::: DATA PROVIDED

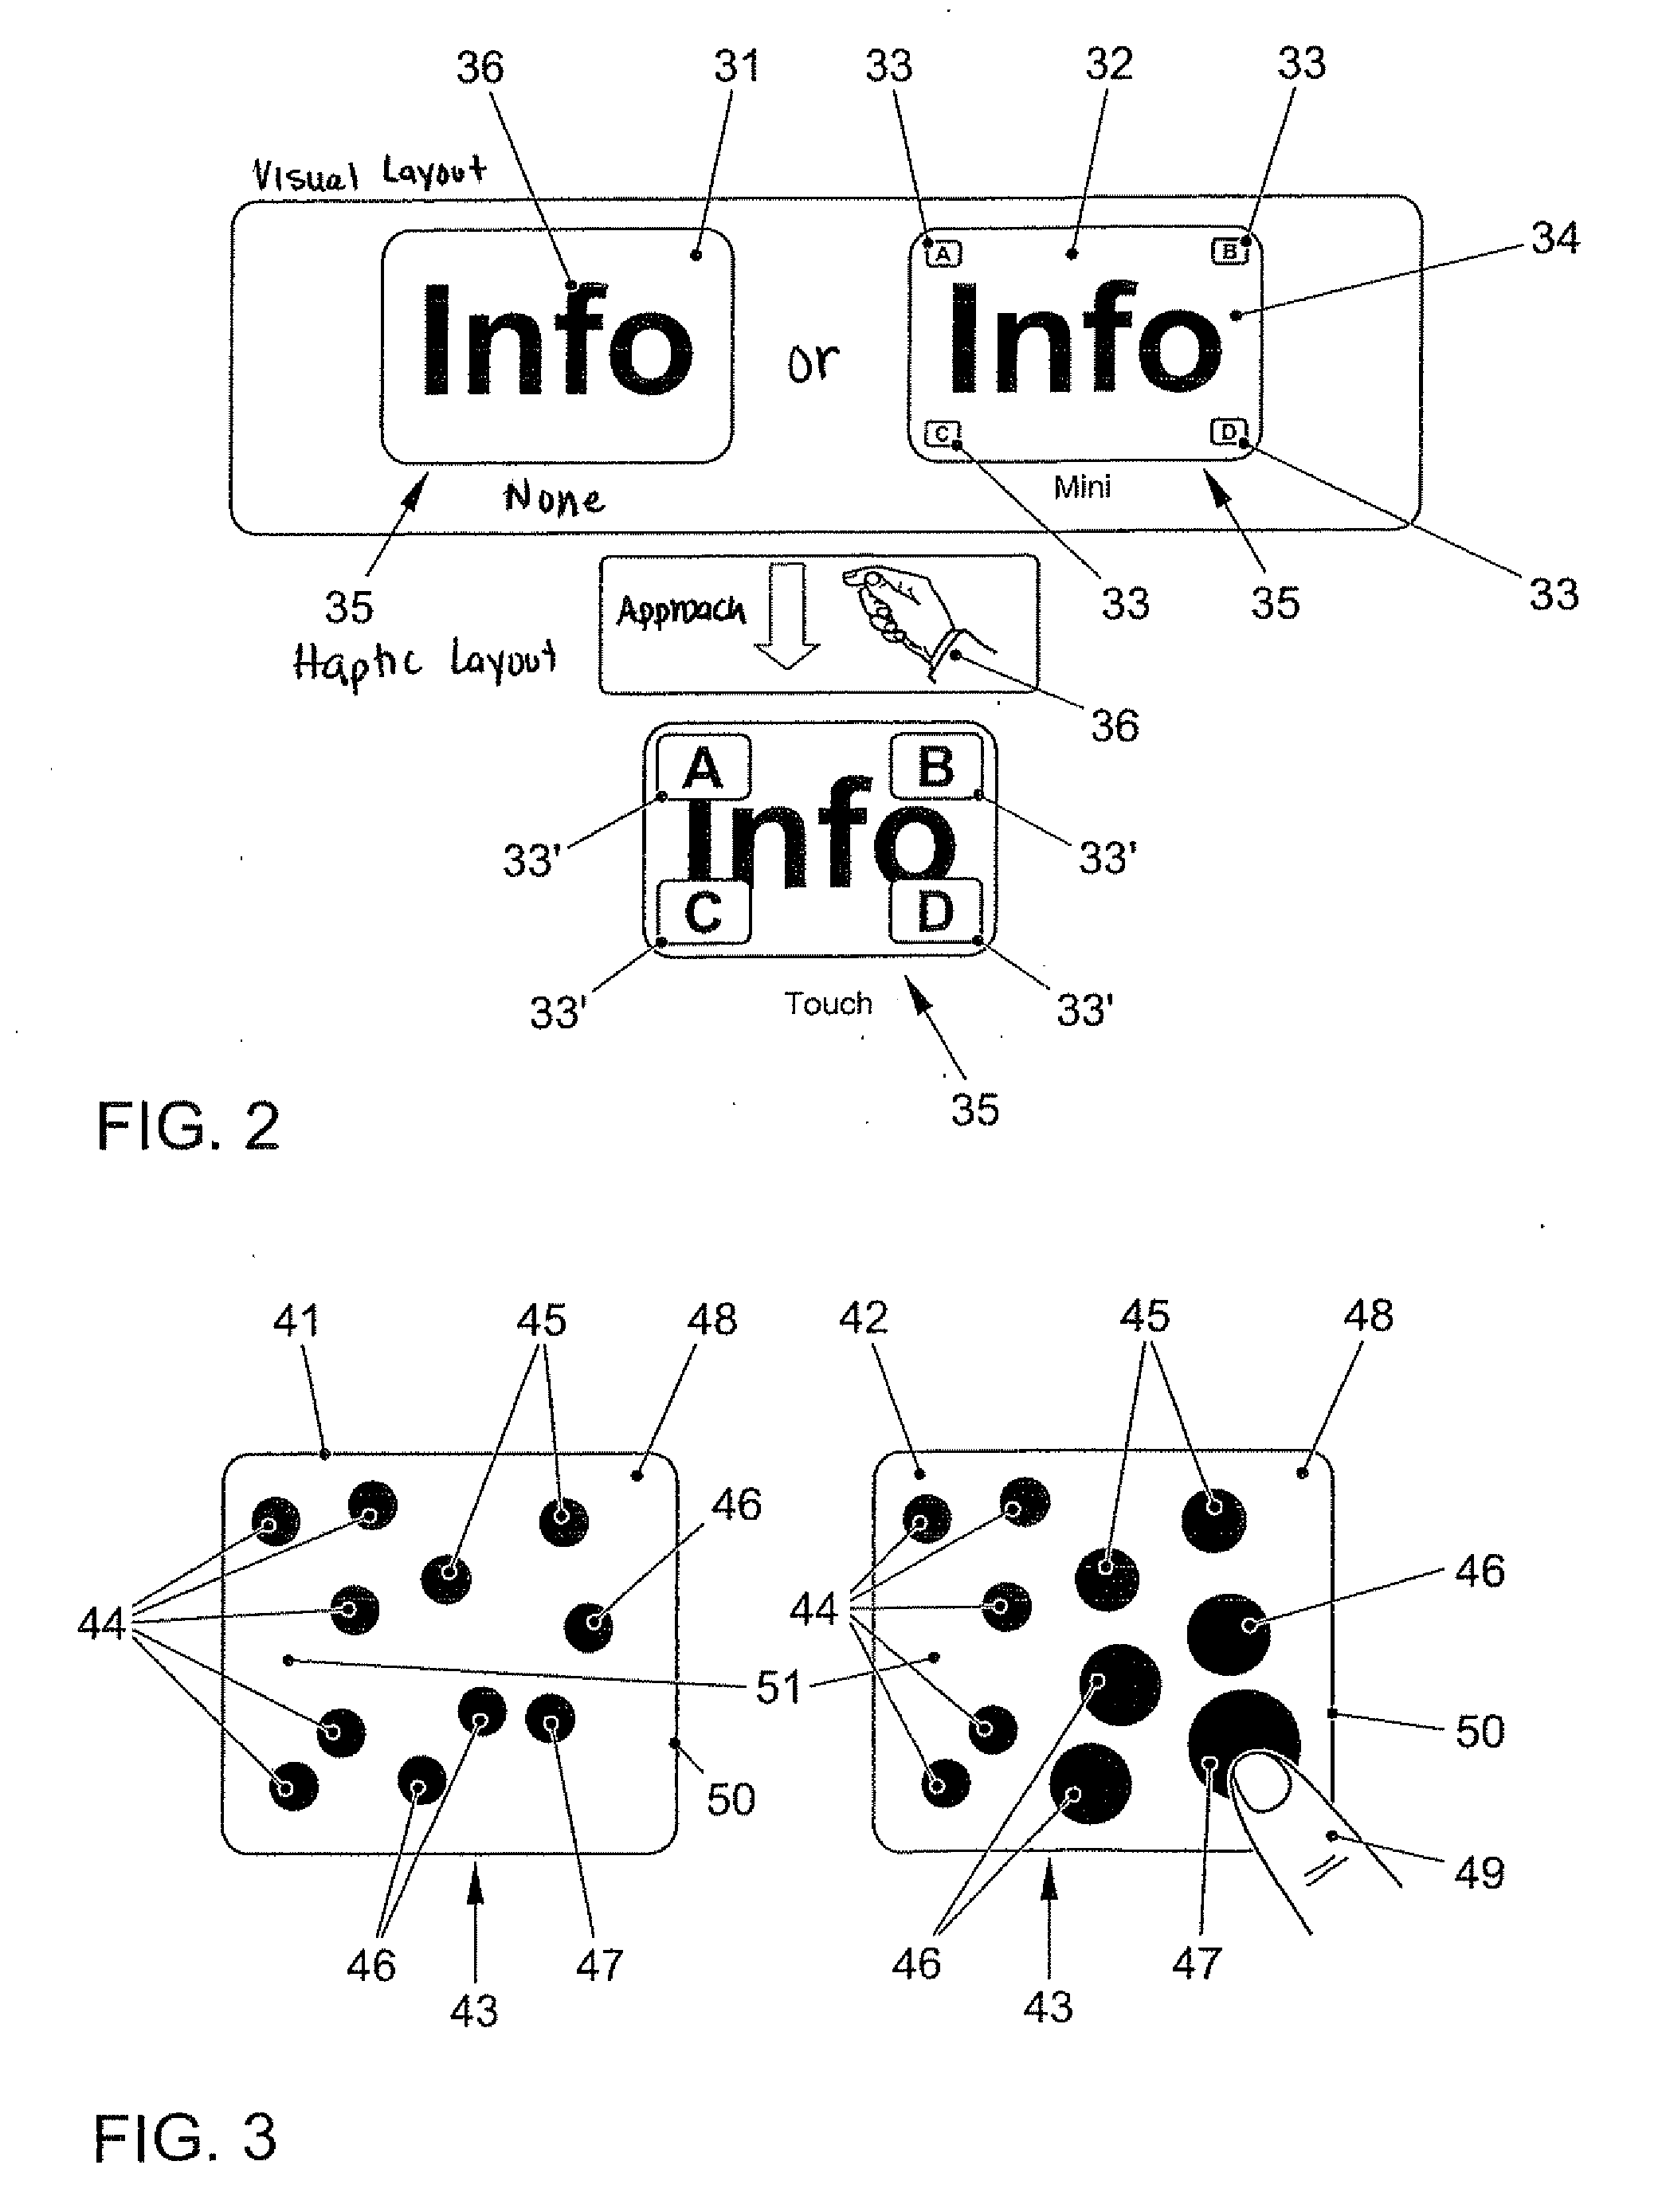 Interactive control device and method for operating the interactive control device
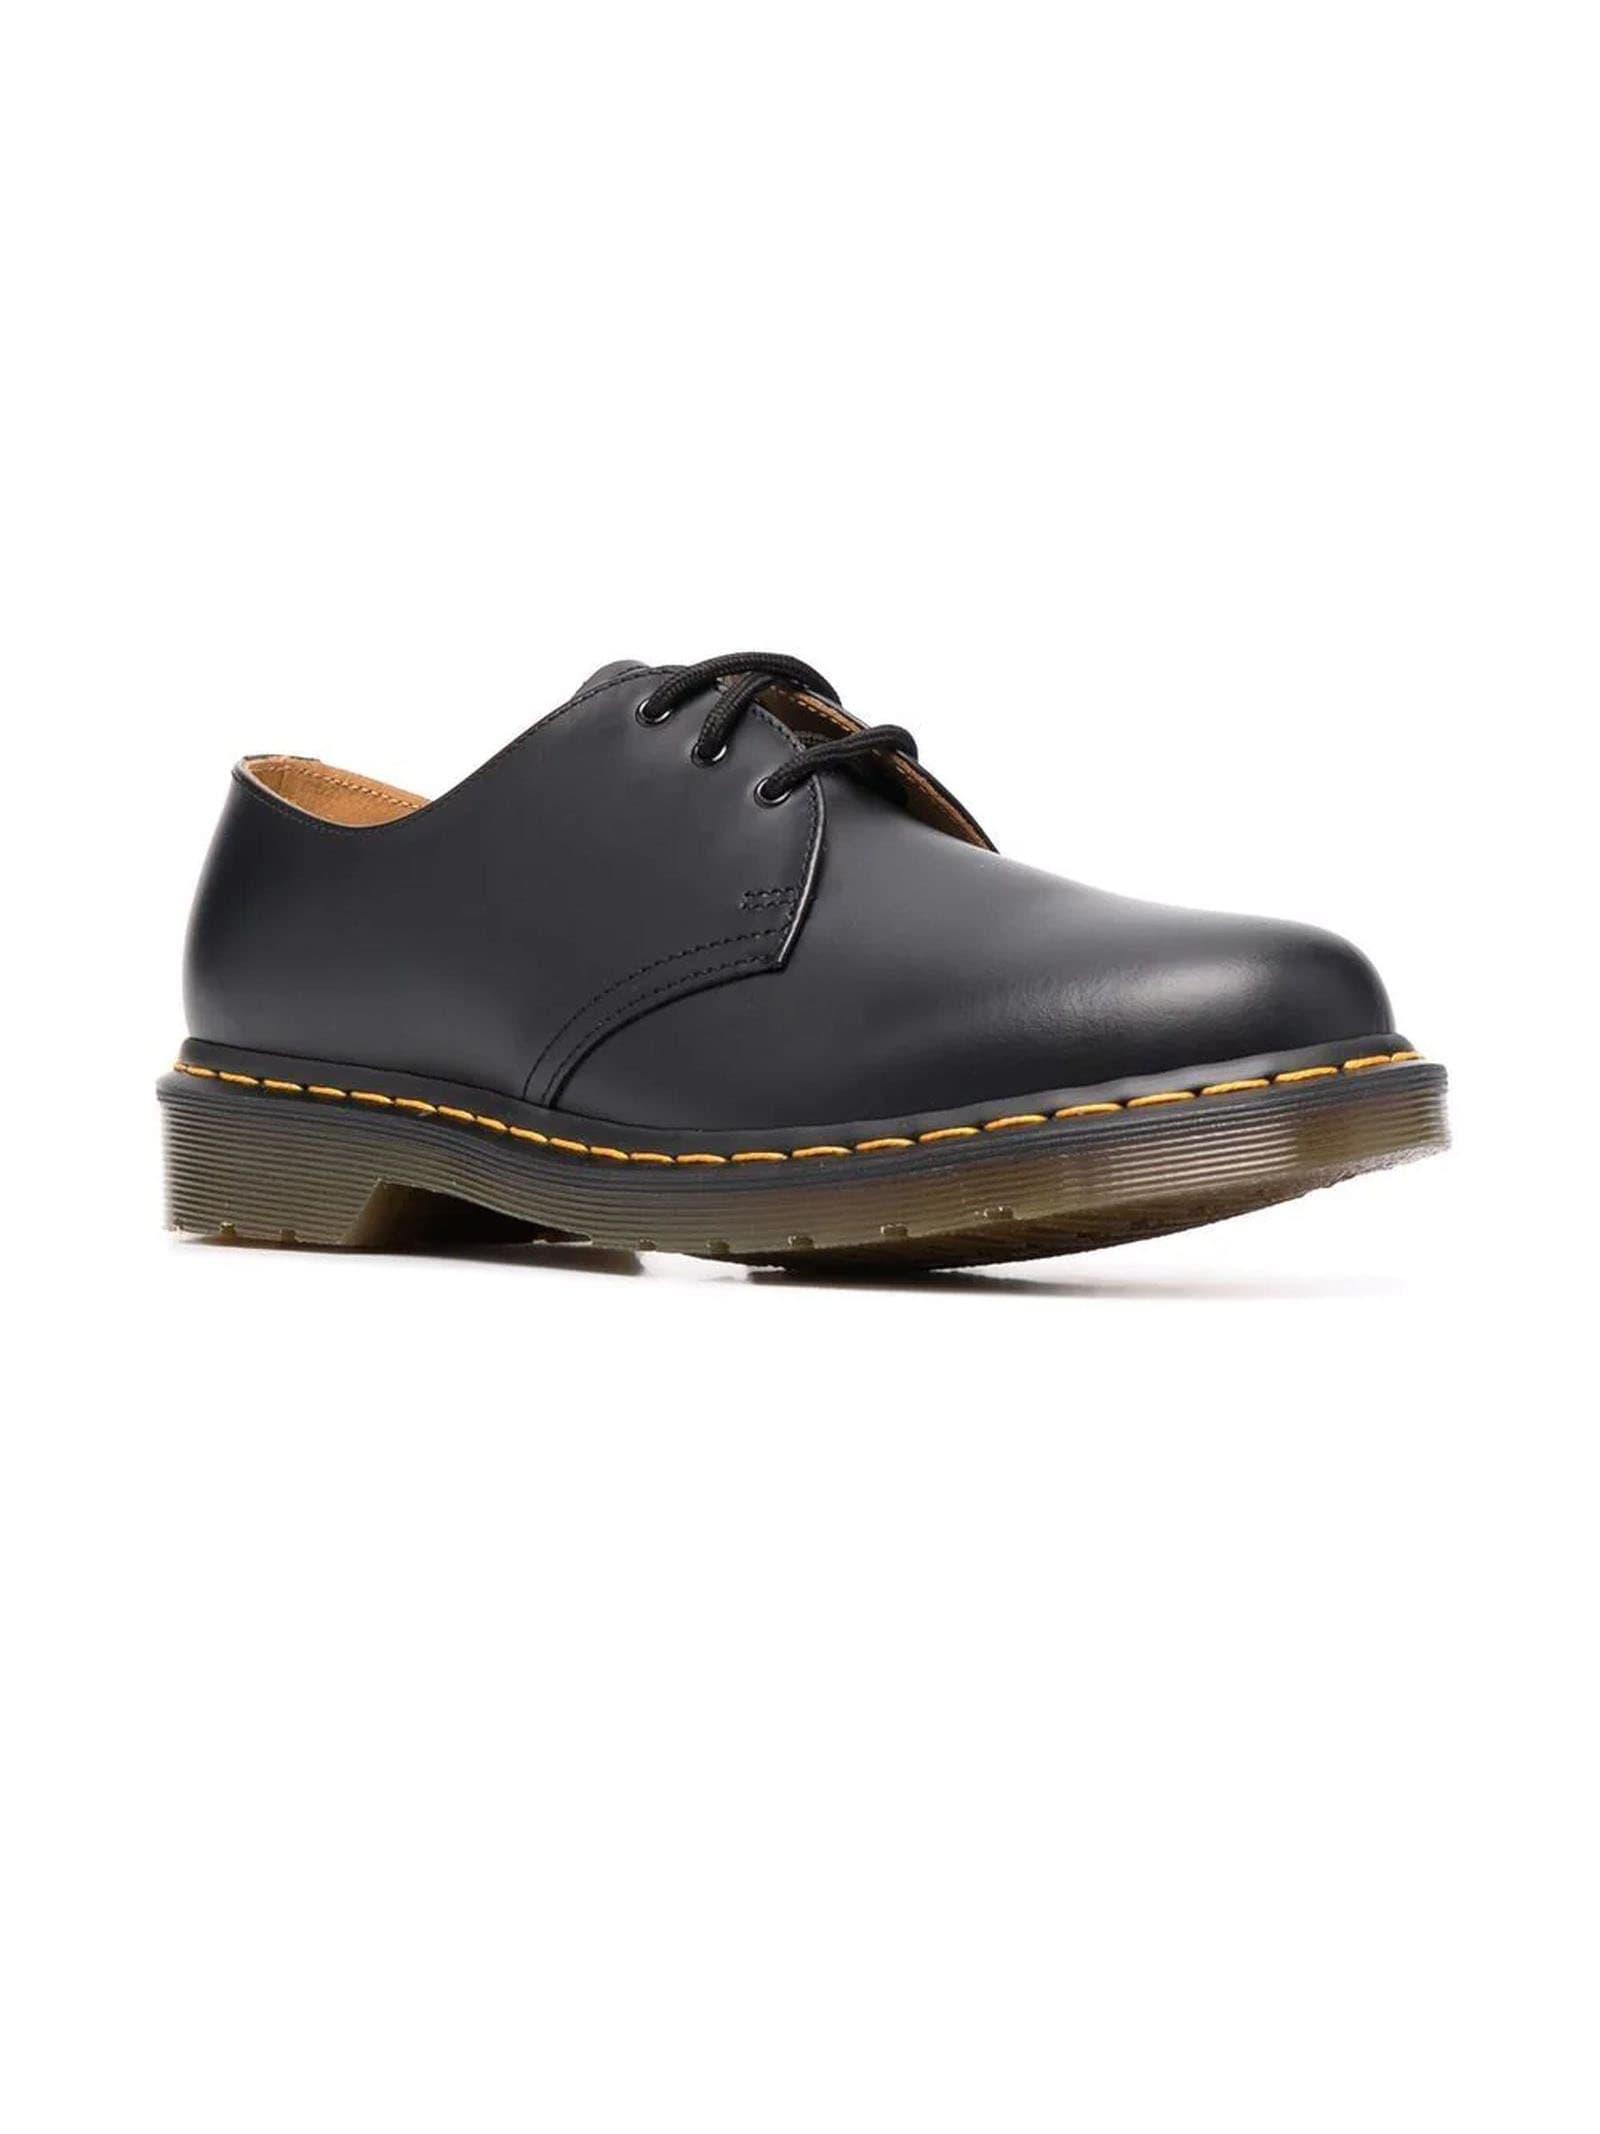 Dr. Martens Black Leather Oxford Shoes | Lyst
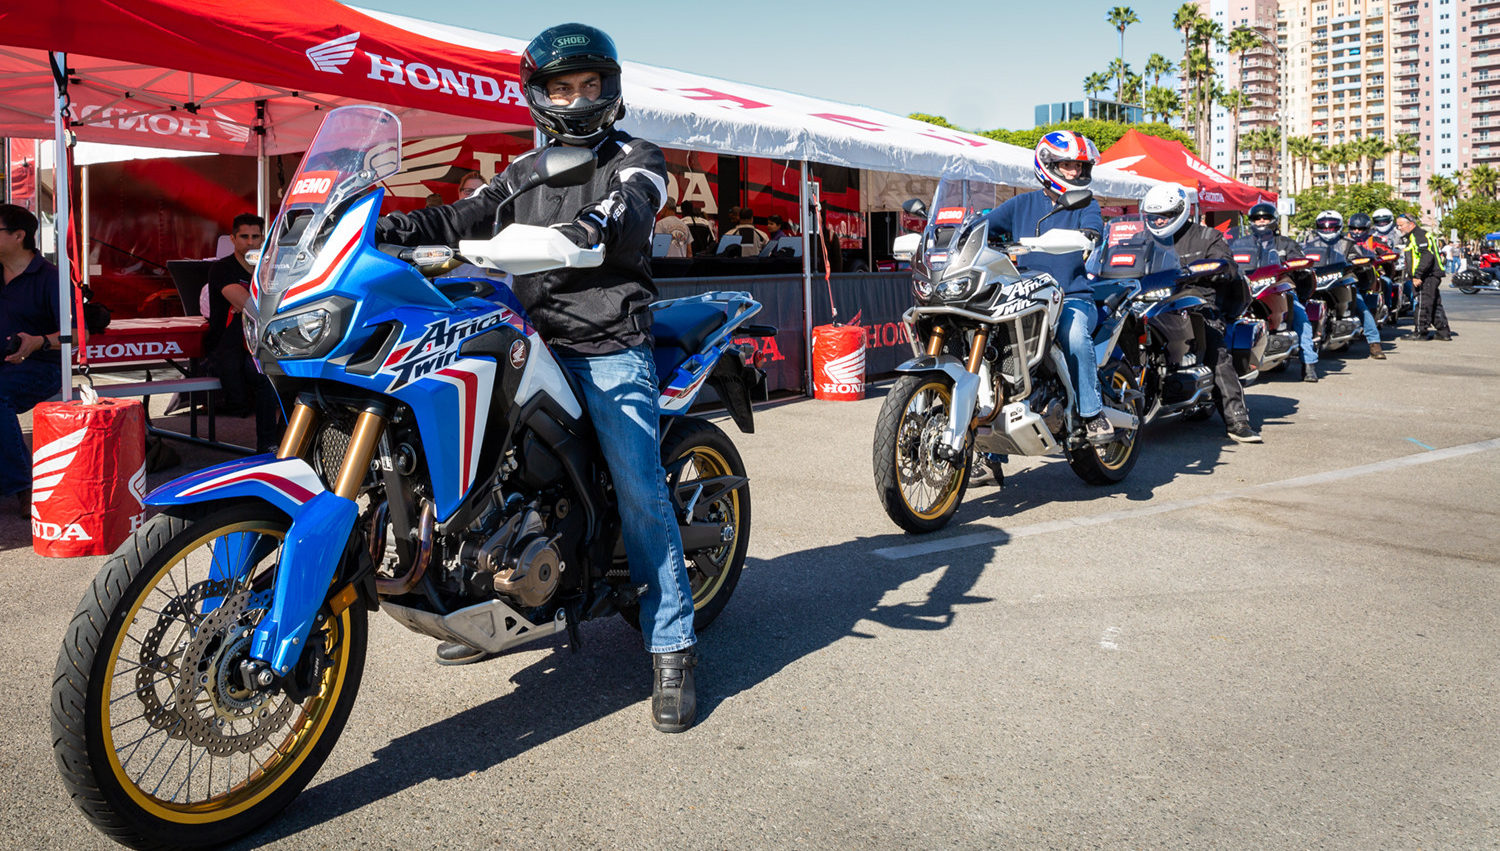 The Progressive International Motorcycle Shows tour is moving to an outdoor event model starting in 2021. Photo courtesy Progressive International Motorcycle Shows.

::::::

◆ **THE TASK**: Output exactly the lines from the one that has "Dr. Martens Black" through the end of the data. Do not include pictures.

◆ **RESULT**:
 Dr. Martens Black Leather Oxford Shoes | Lyst
 The Progressive International Motorcycle Shows tour is moving to an outdoor event model starting in 2021. Photo courtesy Progressive International Motorcycle Shows.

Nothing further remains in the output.